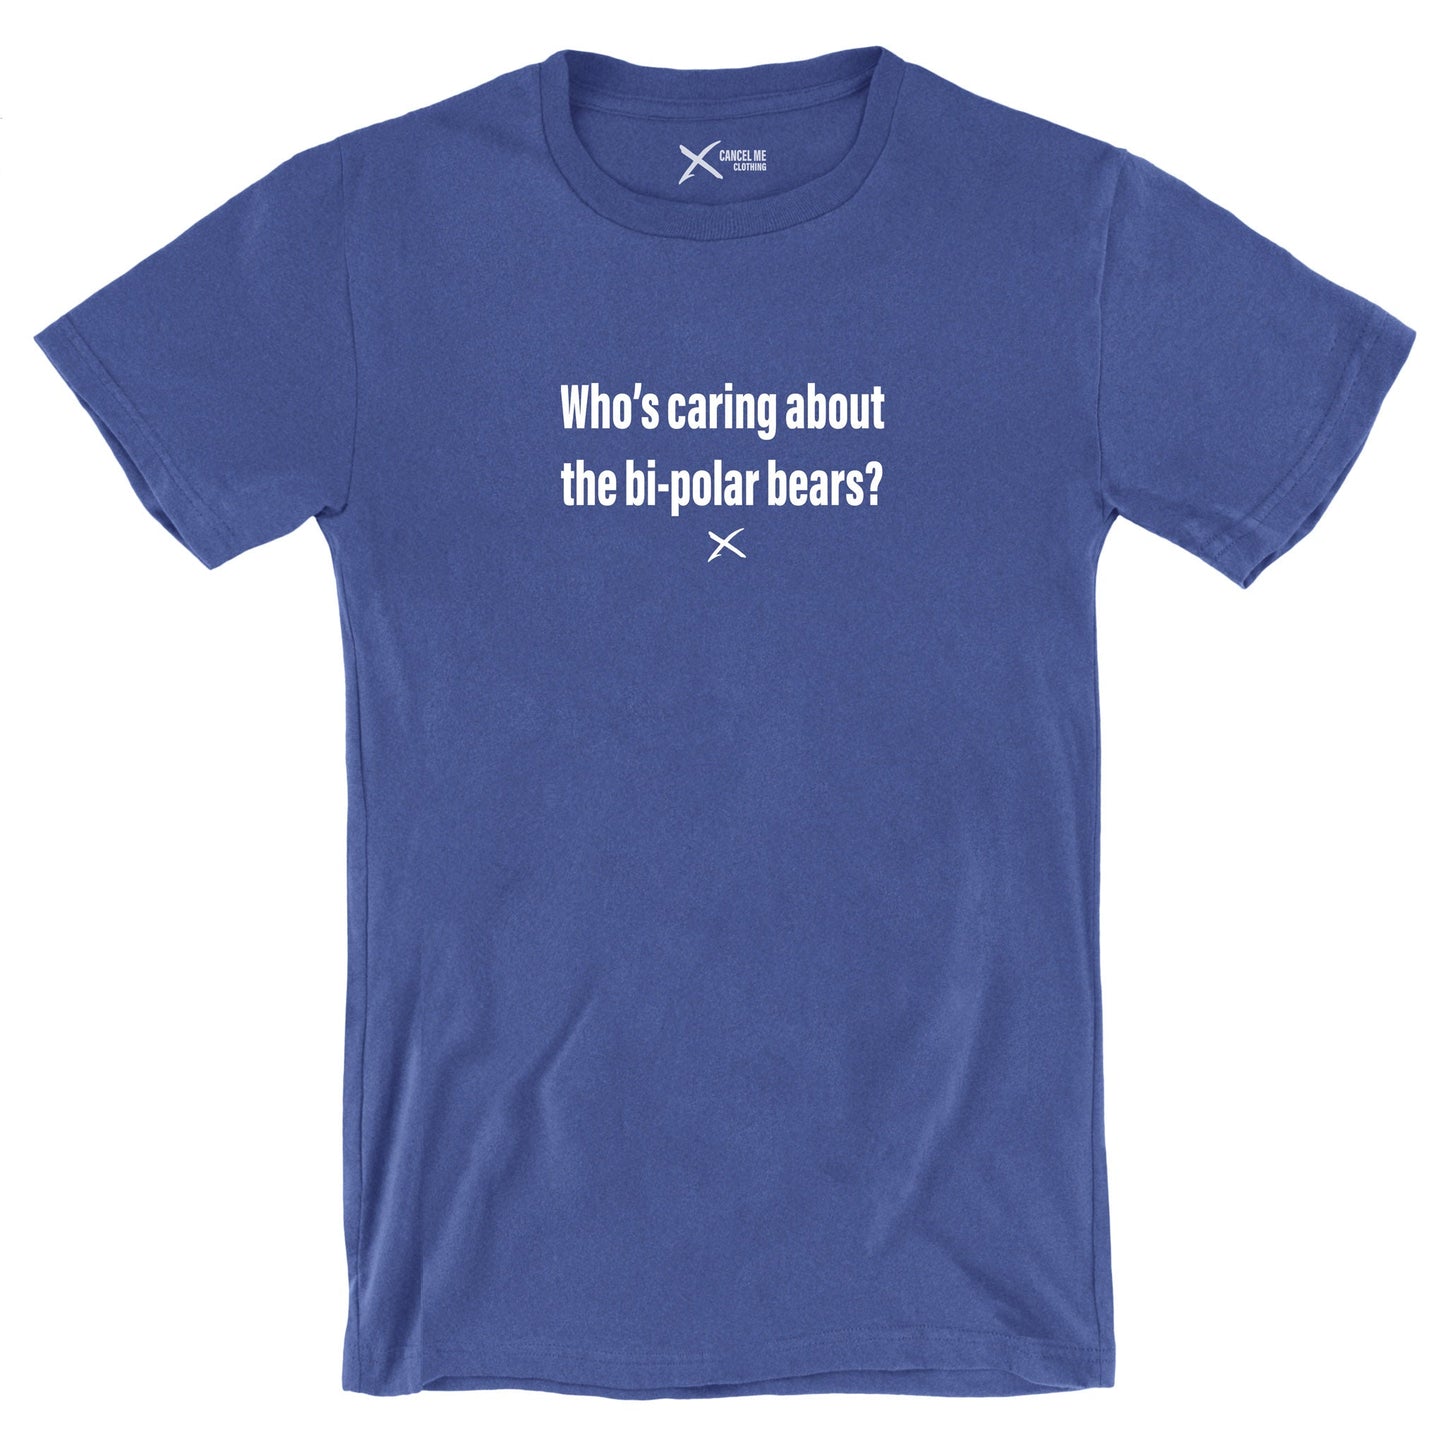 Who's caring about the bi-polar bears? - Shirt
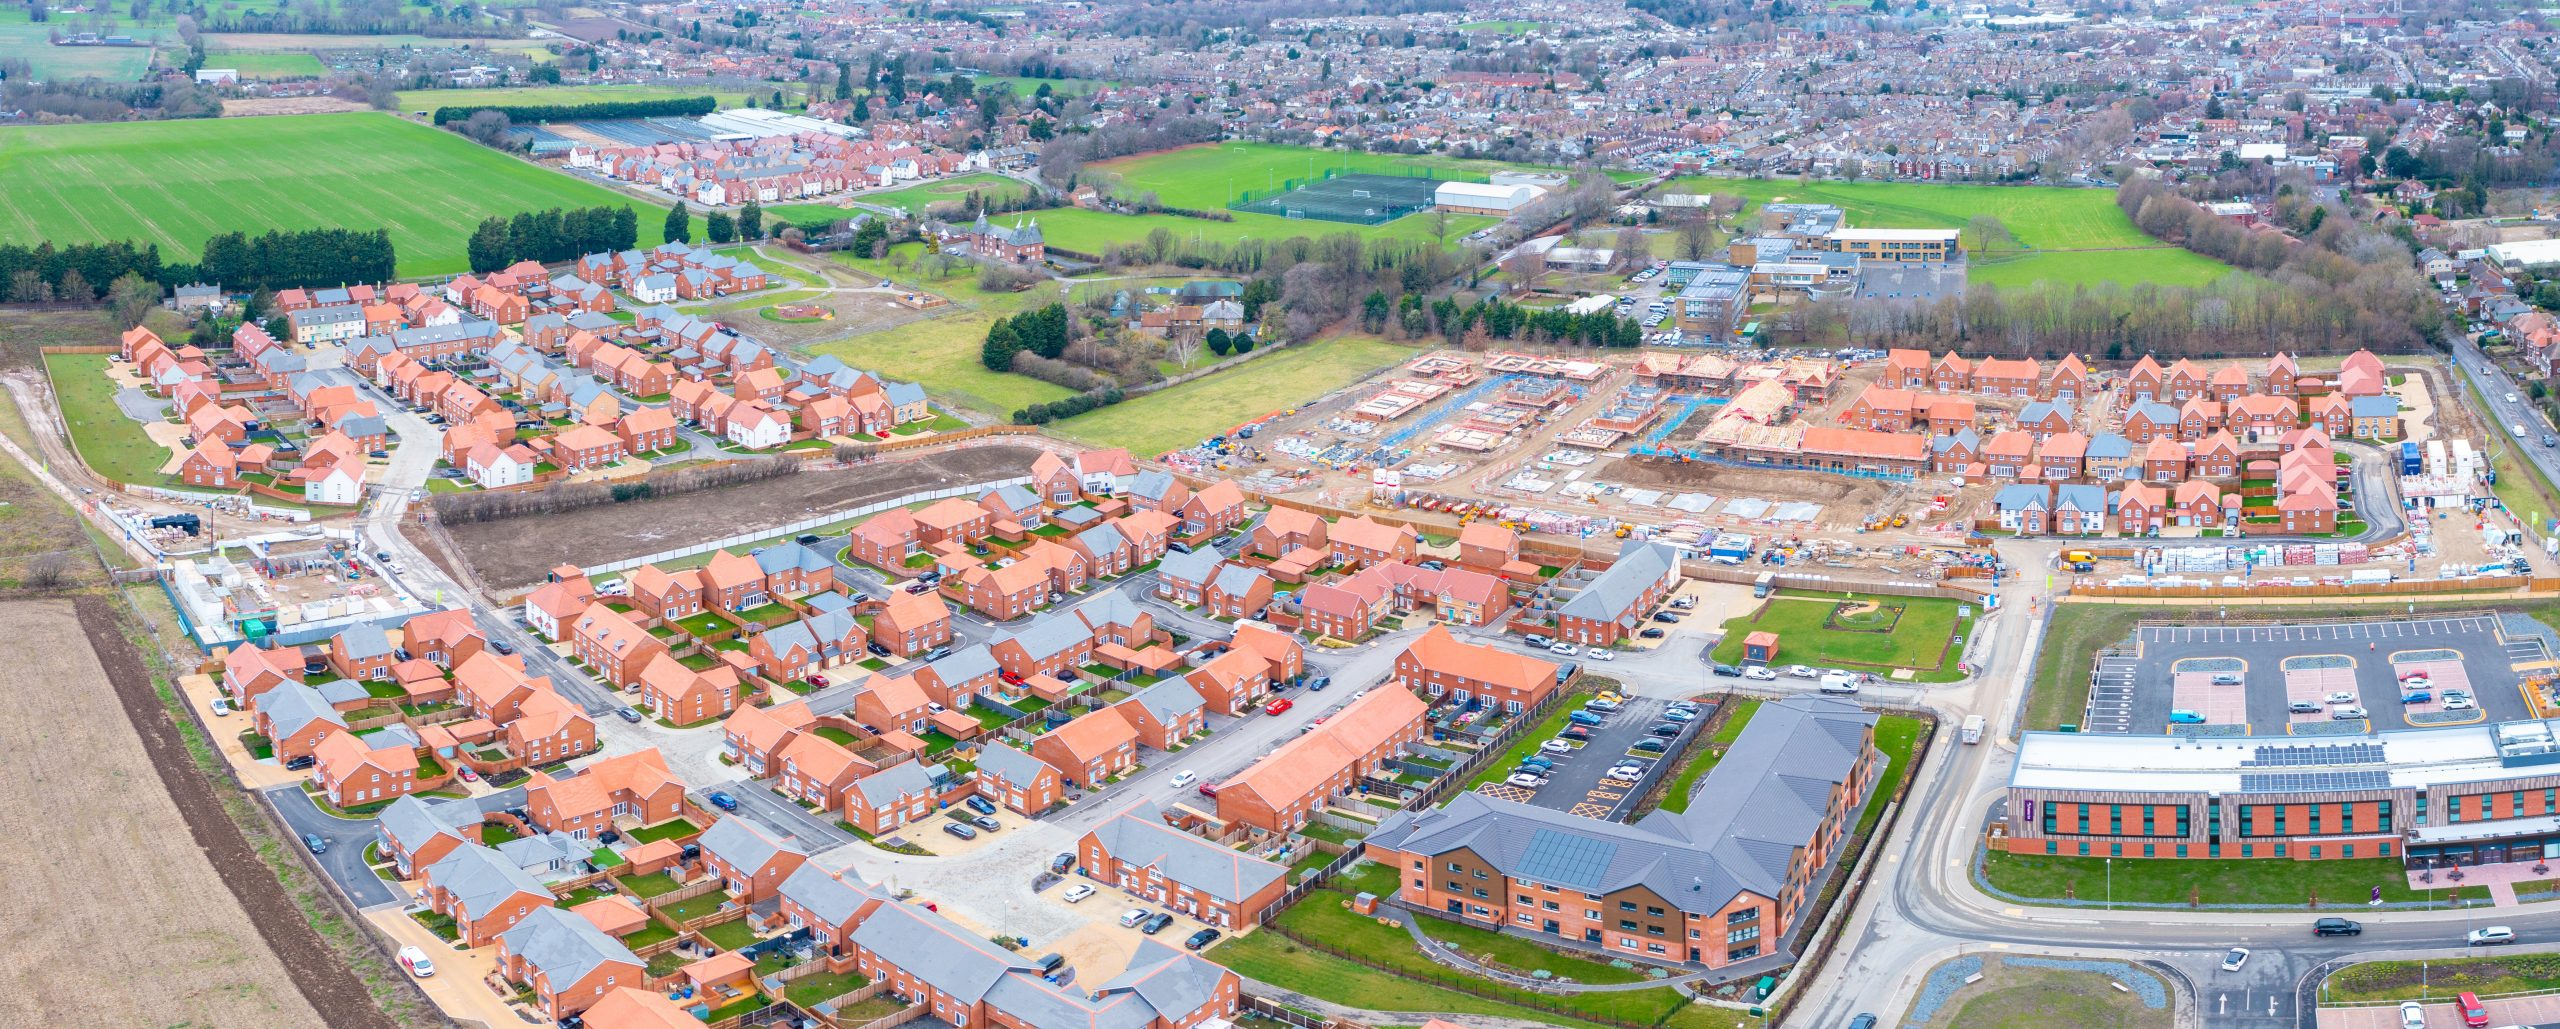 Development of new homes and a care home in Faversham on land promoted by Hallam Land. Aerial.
++++++++
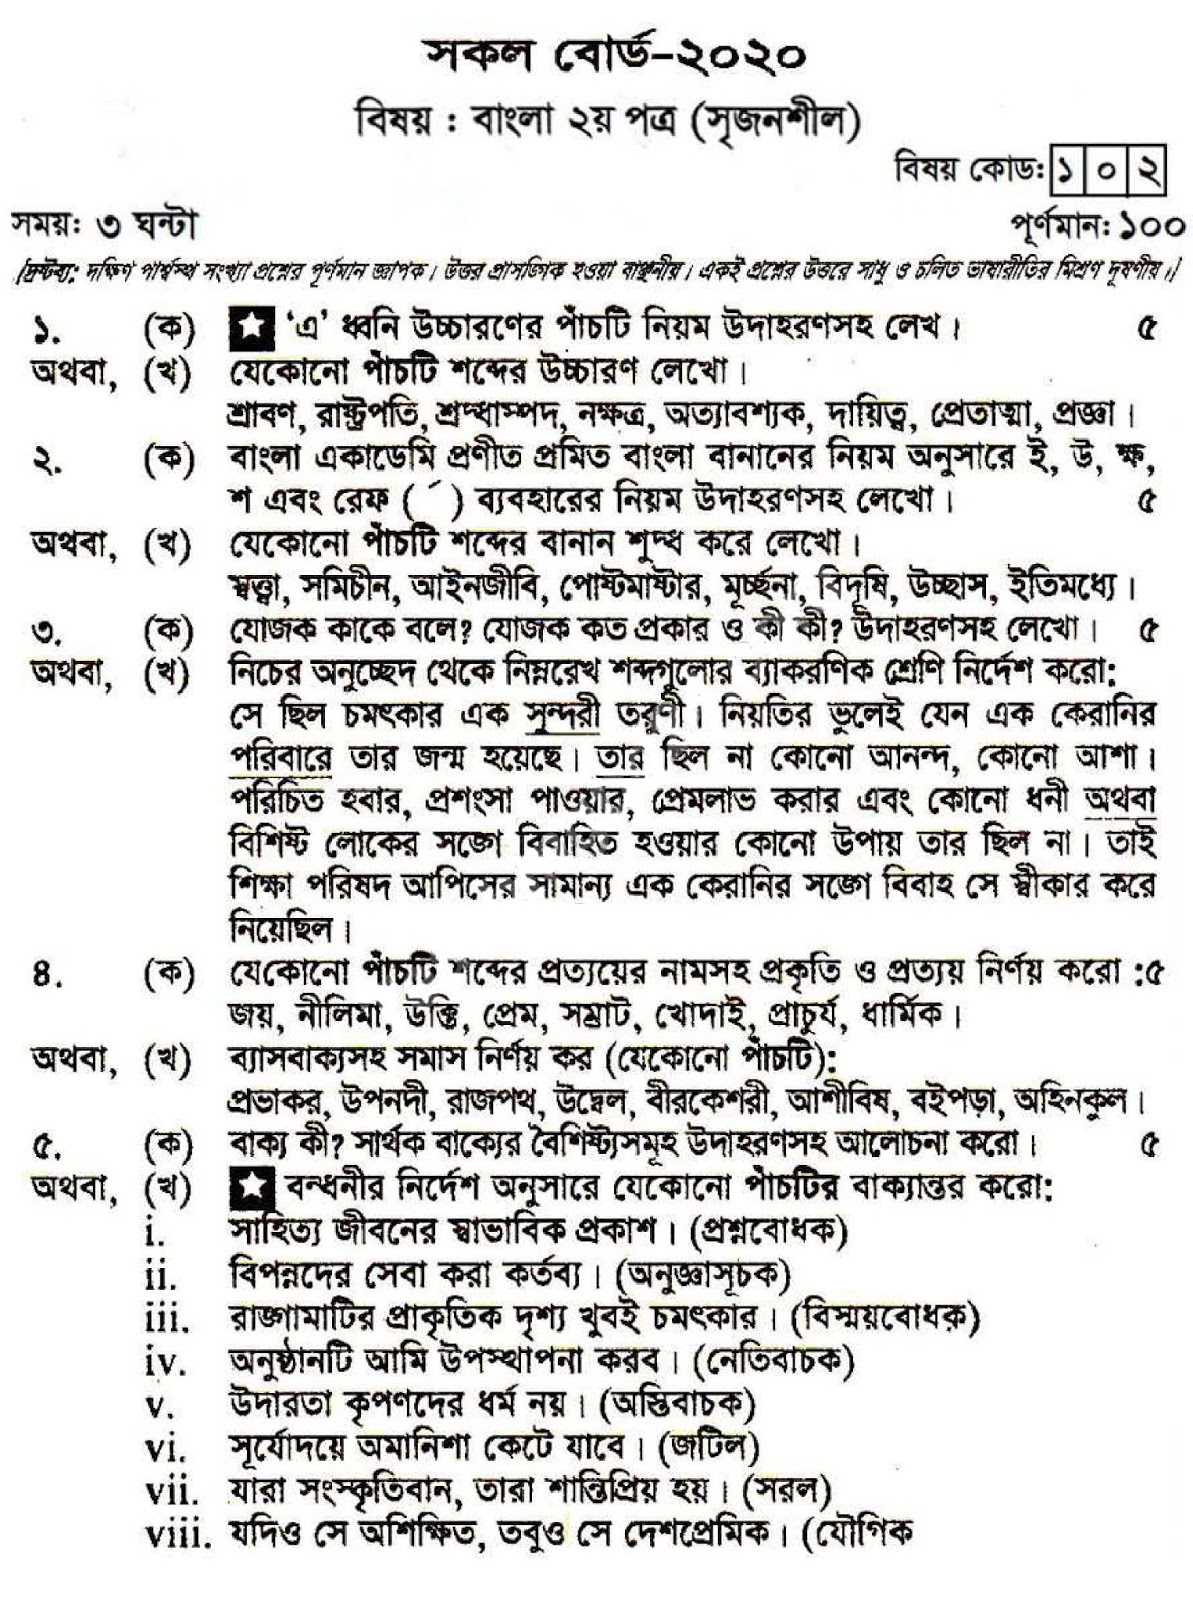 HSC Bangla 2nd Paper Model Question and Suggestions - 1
++++++++
To do:
Leave the pictures out, and transcribe exactly the lines above starting at the one that contains "Who's caring about" and ending at the one that contains "Development of new".

Written answer:
 Who's caring about the bi-polar bears? - Shirt
 Development of new homes and a care home in Faversham on land promoted by Hallam Land. Aerial.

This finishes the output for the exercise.